That’s a great question. I think if I can step back and look at it from a general governance perspective, and I can put my practitioner hat on, all of us need to signal into however data’s being used, wherever it’s being used, whatever tool is interacting with the data. With that thought in mind, and hearing that from our customers, the way we’re approaching this is really turning Purview into a platform. We think of it as, it’s your metadata, not ours. What we’re doing is creating as many open APIs and plugin points as we can, so that anybody can participate in enriching the understanding of data coming into the Lake. Ultimately the customer can get the most value from it. Short answer, no. Not a closed stack in that it’s with our ingestion tools or whatnot. Instead, thinking about how can we enable customers to create a data map of all the data they have, wherever it came from, and then allowing anybody to participate in enriching and reading from that map? Ideally, the ingestion tools and other tools can both enrich a customer’s understanding of their data in the Lake, but also benefit from that in maybe helping automate some of their experiences.

Read Maloney:

There’s tools that’ll automate a portion of, let’s say the metadata, but then individuals, or even other tools, could come in and enrich that metadata. Then that is broadly available or is available through different governance policies that you’re setting. That’s great.

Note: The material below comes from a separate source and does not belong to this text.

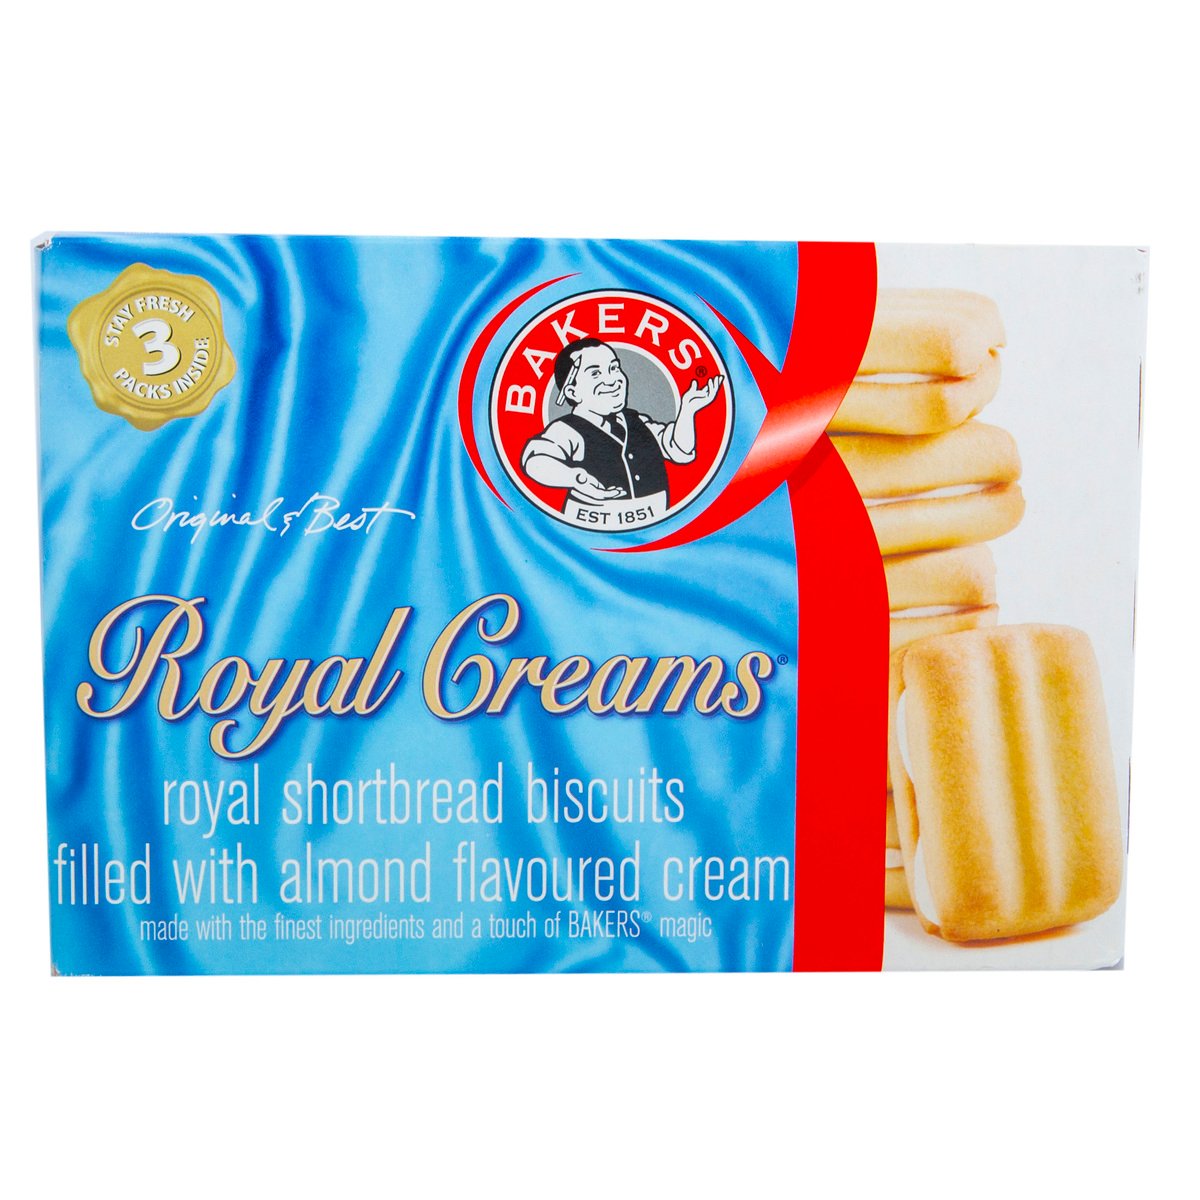 Bakers Royal Creams Shortbread Biscuits Filled With Almond Flavoured Cream 280g

That’s outstanding. One of the things that I want to touch on a little bit is, obviously you guys have so much data in the Lake, and that could get expensive. If you’re scanning all the records all the time or you’re querying across these massive data sets, that could add a lot of cost. How have you guys thought about where’s the value? Which data has the most value? And then, how do you deal with that trade off between value, cost, and cost management across a Lake that’s so big?

Value, Cost, and Cost Management

Mike Flasko:

Fantastic question. I think we all try to manage that trade off all the time, right? What we’ve found as a governance Team is, at times governance can be approached a little academically, but it’s so important to think about the analysis we’re doing of the data in how can we create more insight to the Lake owner and the Lake administrator in terms of where are things being used the most? What are people querying over the most? Where’s the most sensitive data that you should keep a closer watch on than others? And we try to provide those insights back, both to our users across Microsoft and the various domain administrators that we have, so that they can optimize. Optimize their investment from a governance and metadata perspective, but also optimize how that data is stored. When you think about tiering and what needs to be in hotter, warmer areas of the Lake versus cooler areas of the Lake.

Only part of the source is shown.